--- RECORDS ---

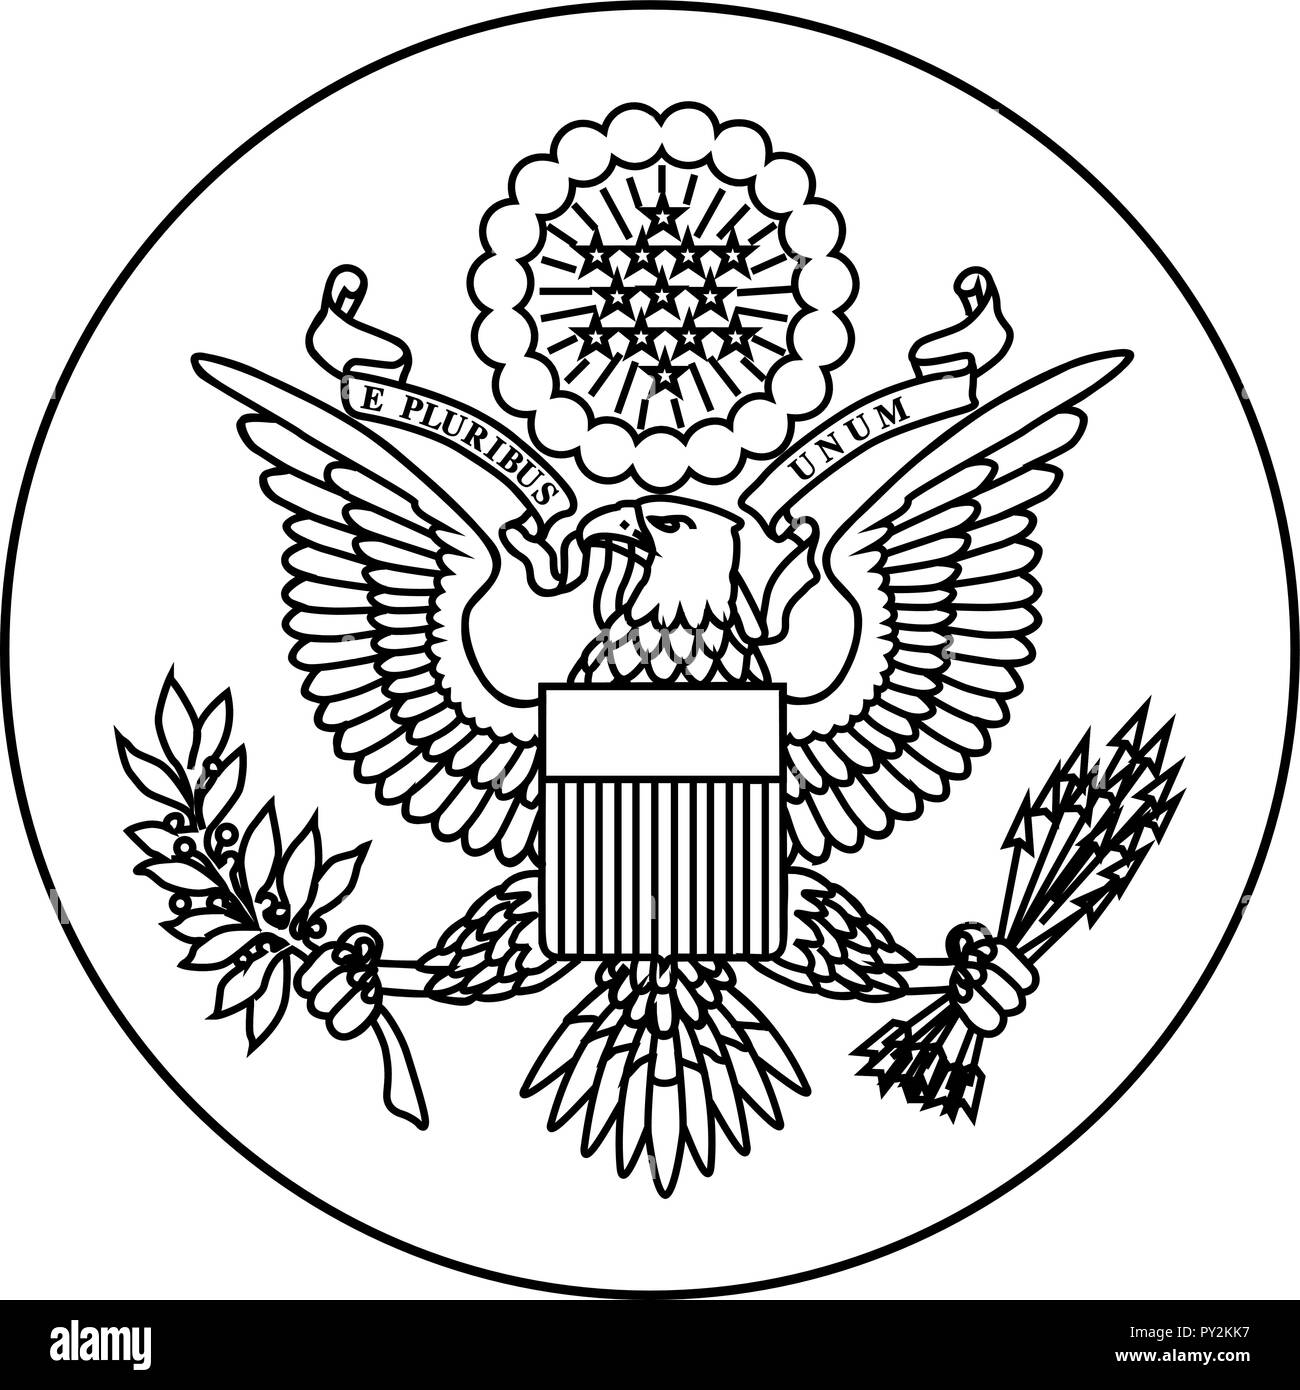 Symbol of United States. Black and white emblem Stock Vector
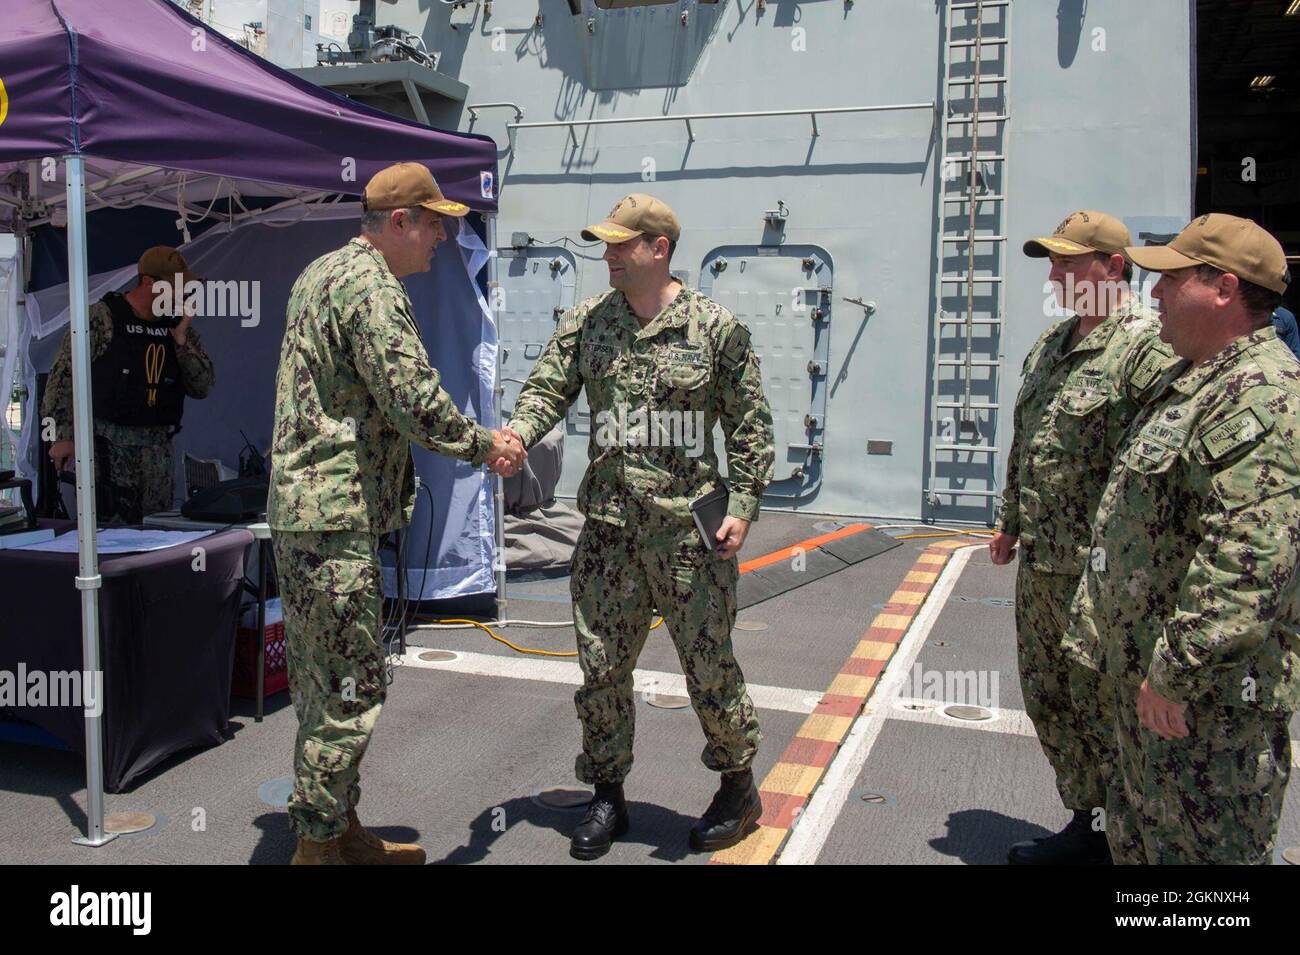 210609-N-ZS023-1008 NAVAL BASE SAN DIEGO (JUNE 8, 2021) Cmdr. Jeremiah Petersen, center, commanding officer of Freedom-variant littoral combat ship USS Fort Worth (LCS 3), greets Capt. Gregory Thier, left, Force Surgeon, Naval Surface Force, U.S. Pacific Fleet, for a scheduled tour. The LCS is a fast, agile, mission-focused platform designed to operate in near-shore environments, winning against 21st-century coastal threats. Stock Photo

---
--- RECORDS ---

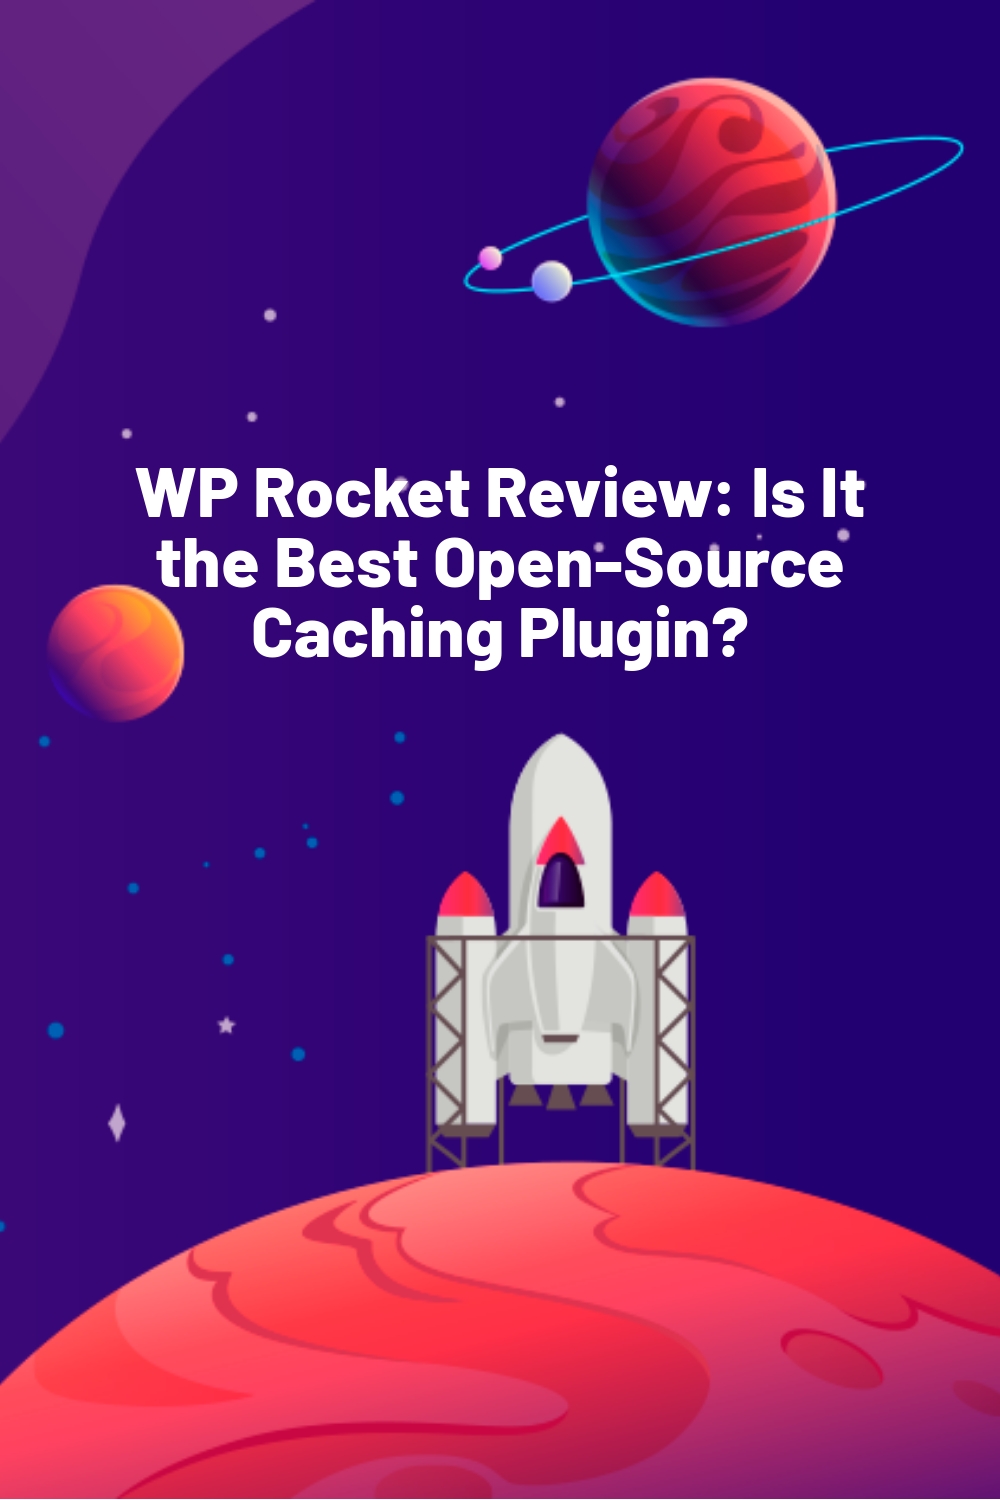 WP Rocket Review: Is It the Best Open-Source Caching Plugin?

---
--- RECORDS ---

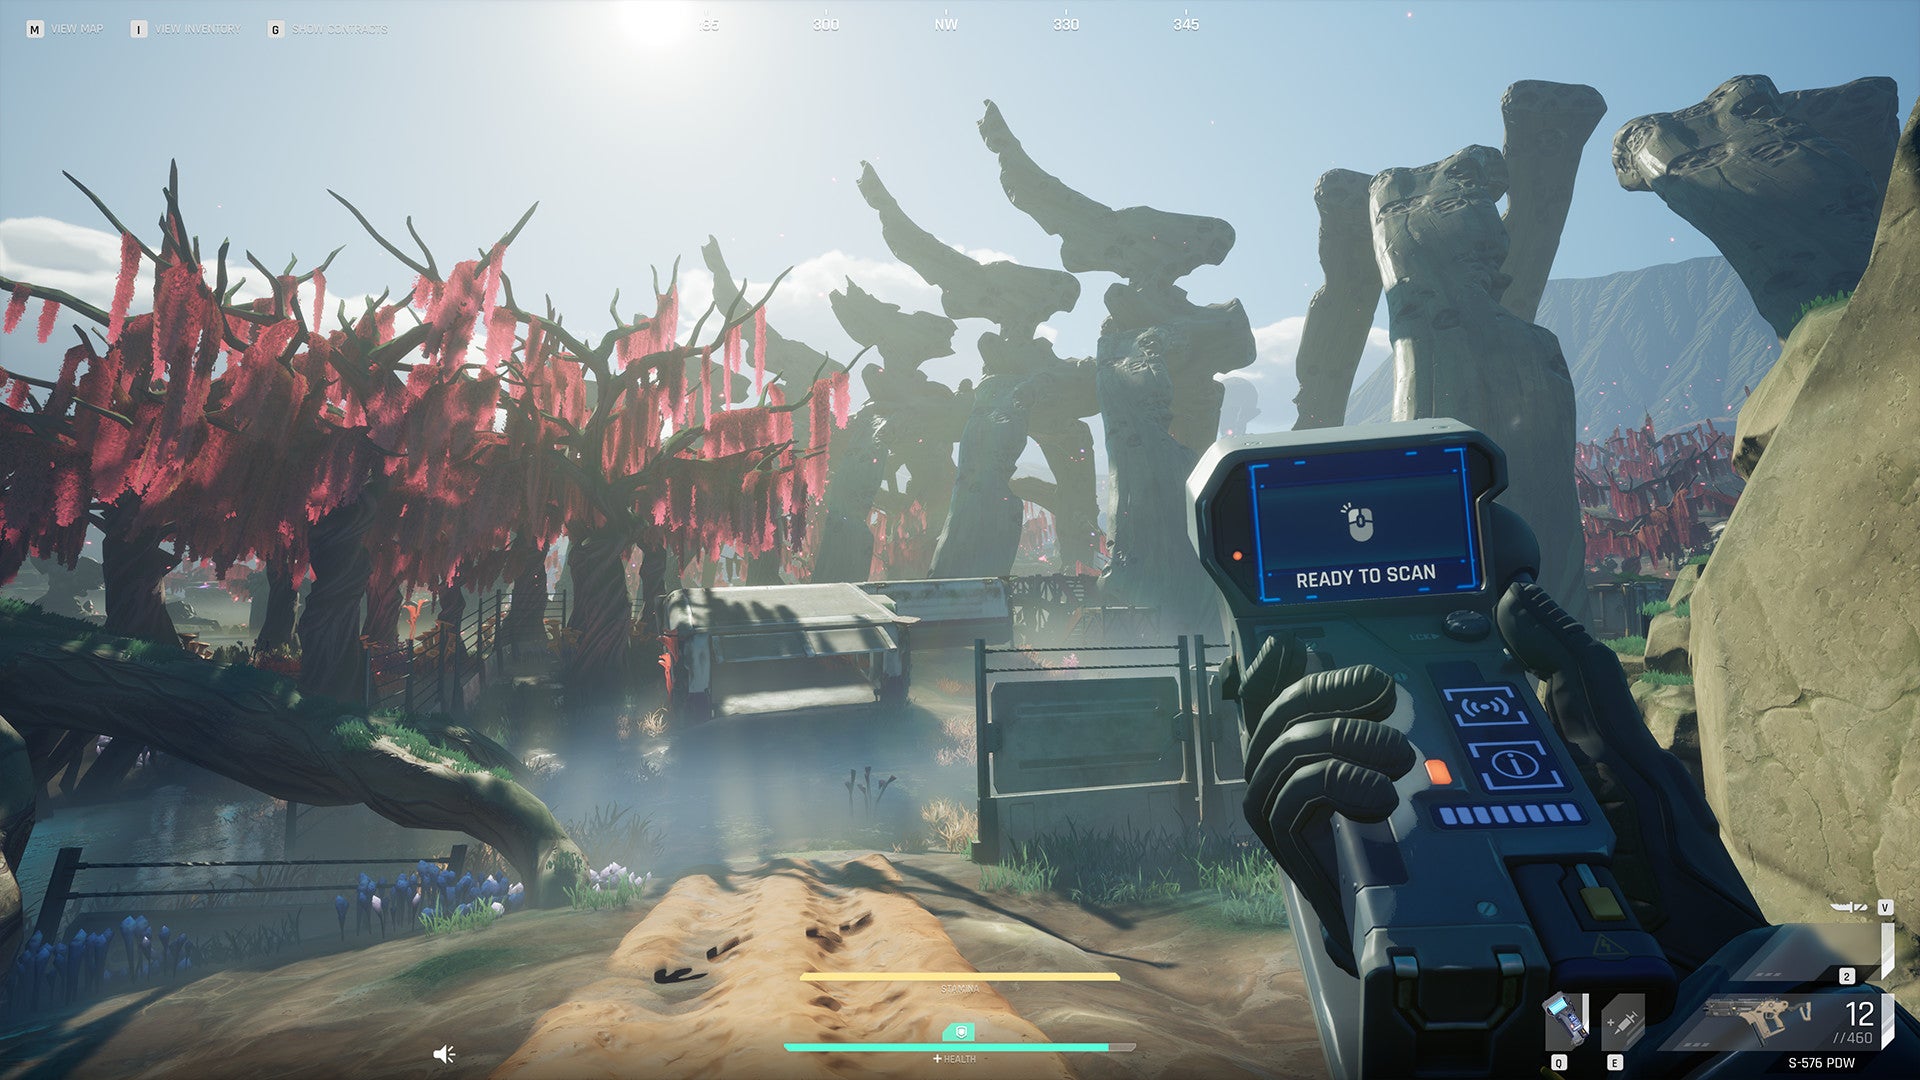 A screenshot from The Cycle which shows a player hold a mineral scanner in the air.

---

■ **TASK DETAILS**: Here the job is to copy the listing above word for word, starting at the line with "Symbol of United" and ending at the line with "210609-N-ZS023-1008 NAVAL BASE", and to leave out the pictures.

■ **YOUR RESPONSE**:
 Symbol of United States. Black and white emblem Stock Vector
 210609-N-ZS023-1008 NAVAL BASE SAN DIEGO (JUNE 8, 2021) Cmdr. Jeremiah Petersen, center, commanding officer of Freedom-variant littoral combat ship USS Fort Worth (LCS 3), greets Capt. Gregory Thier, left, Force Surgeon, Naval Surface Force, U.S. Pacific Fleet, for a scheduled tour. The LCS is a fast, agile, mission-focused platform designed to operate in near-shore environments, winning against 21st-century coastal threats. Stock Photo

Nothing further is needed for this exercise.